The current testing situation isn't ideal (mostly because I haven't found a good way to test VSCode). You can look into src/lib/CommandHandler.test.ts for examples. You can put your tasks.json in src/test/testData/.... You also have to generate mockData.ts which is a bit annoying. You can look into the comments at the top of src/mocks/vscode.ts for this.

MarcelRobitaille avatar Feb 25 '25 17:02 MarcelRobitaille

I see. But, probably, I will be able to do this only next week.

roussak avatar Feb 26 '25 06:02 roussak

You also have to generate mockData.ts which is a bit annoying. You can look into the comments at the top of src/mocks/vscode.ts for this.

I don't understand how to do that… :( If I substitute the import with the '../mocks/vscode', errors are being appeared. As well, it's not clear to me where and when should I call the vscode.Spy.write().

roussak avatar May 28 '25 13:05 roussak

Sorry, I know it's really hacky and not intuitive.

  1. In CommandHandler.ts, change import * as vscode from "vscode"; with import * as vscode from "../mocks/vscode". Typescript will start complaining a lot.

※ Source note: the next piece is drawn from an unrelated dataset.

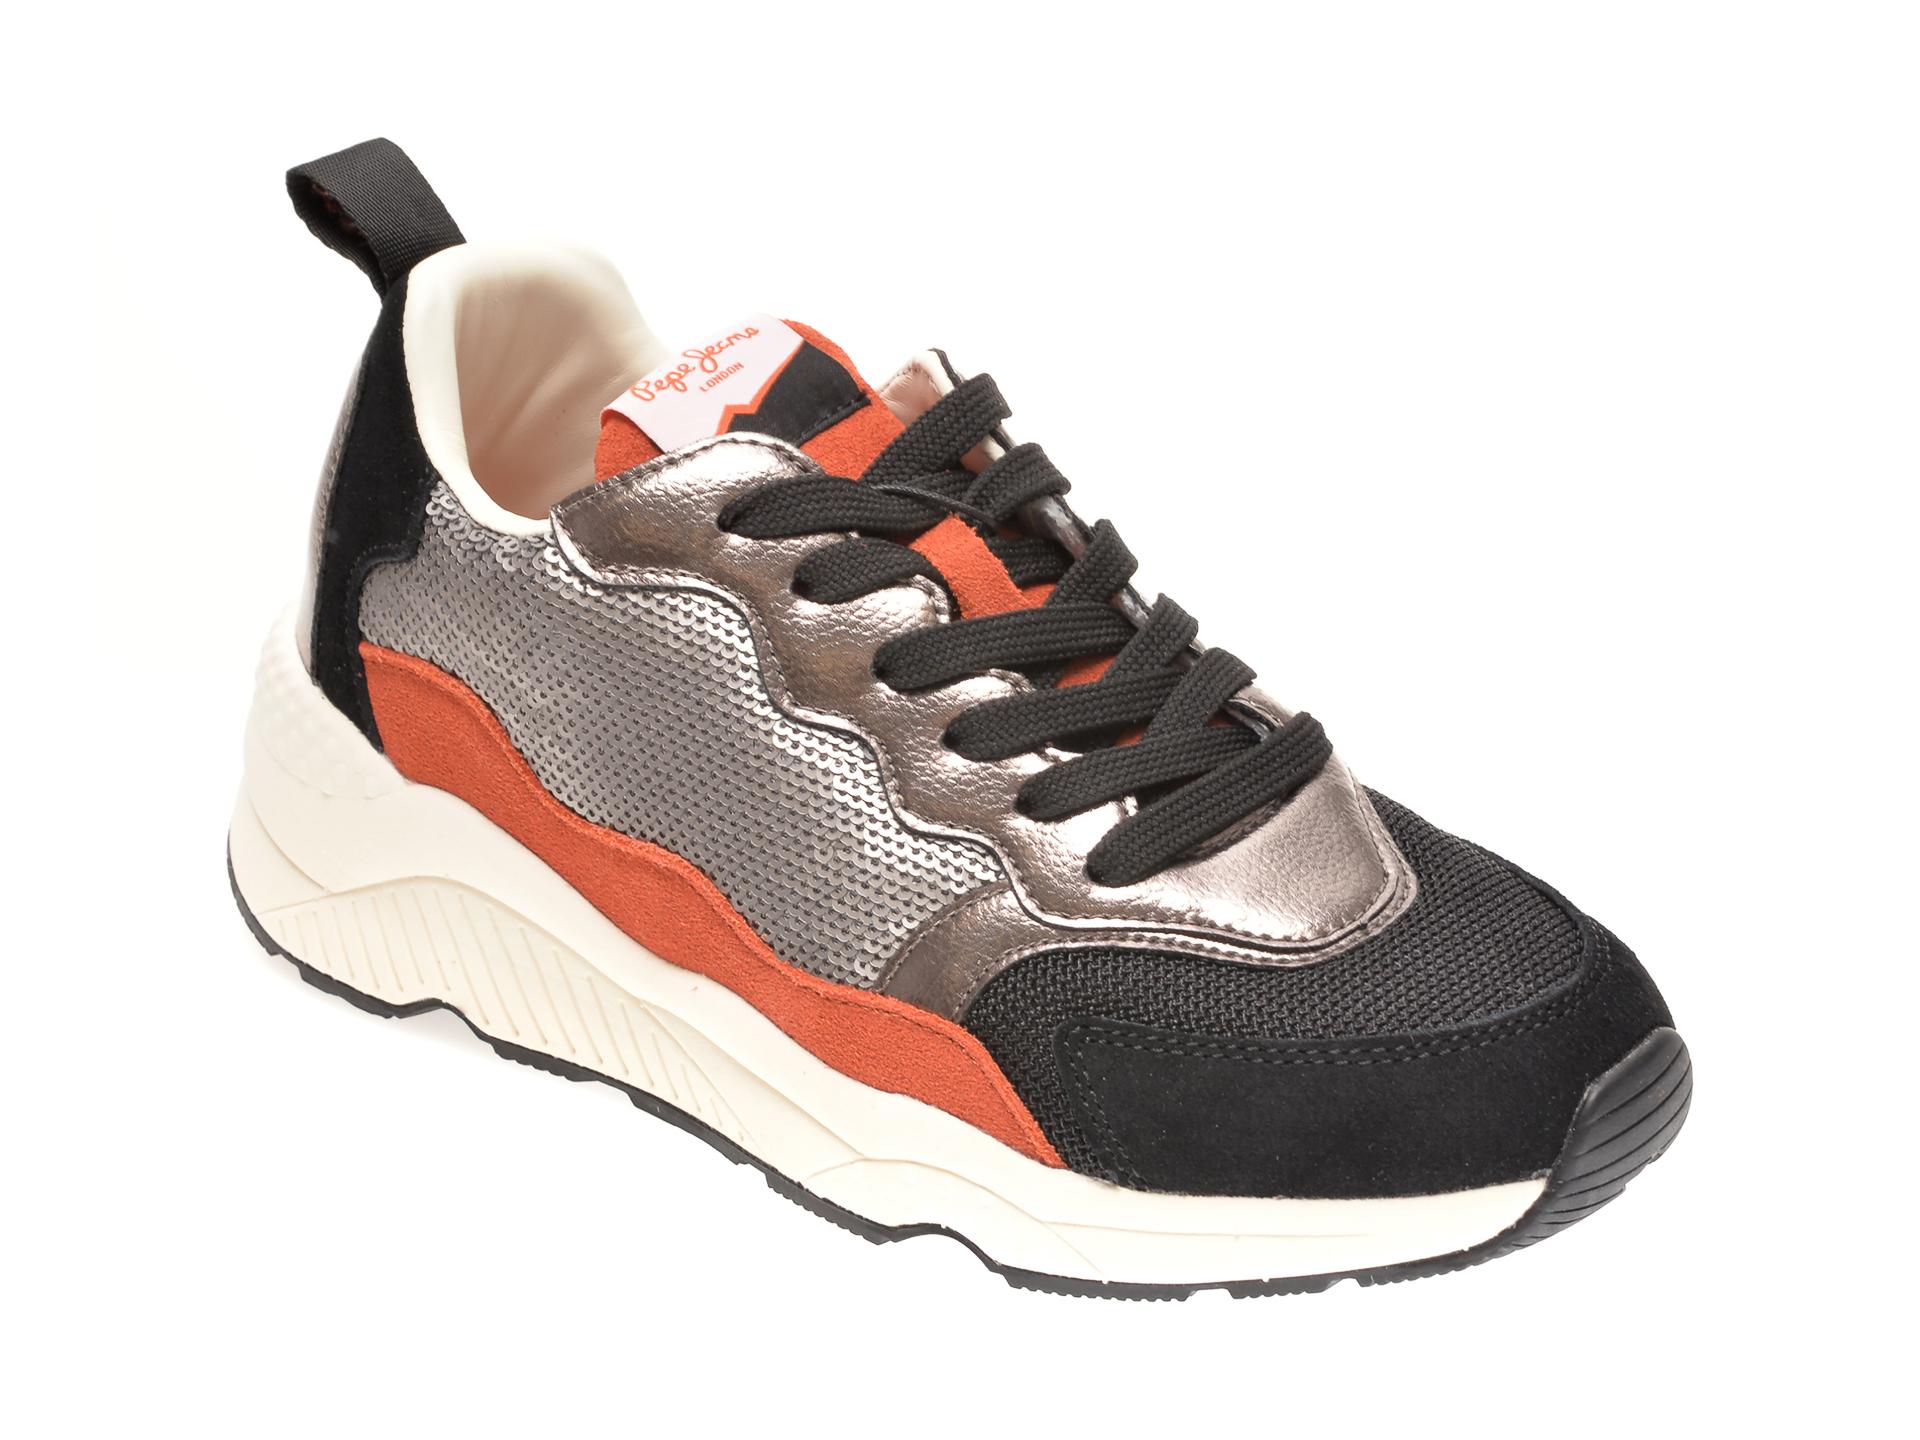 Pantofi sport PEPE JEANS negri, LS31078, din piele ecologica

Just ignore it for now.
  2. In the CommandHandler constructor, put vscode.Spy.write();. Put a breakpoint on this line.
  3. Start debugging. It will warn that there are "errors". It's only TypeScript complaining. Press "Debug anyway".
  4. In the new window that's running the extension, open the folder where you want to put your test data (src/test/testData/example/). Run a task that uses this extension. You should arrive to your breakpoint.
  5. When you step over vscode.Spy.write();, you should see data in the Debug Console. Copy this and save it into mockData.ts.
  6. Add export default at the start and change all paths to where you checked out the repo to ${__dirname} (check another mockData.ts for an example)

image

If this is too much, we can merge it without tests and I can do them myself.

MarcelRobitaille avatar May 30 '25 21:05 MarcelRobitaille

I tried this manual, but as far as I can see the calls object should be non-empty in order to perform the testing. So, it'll probably better if you'll do this point. I will rebase the commit shortly.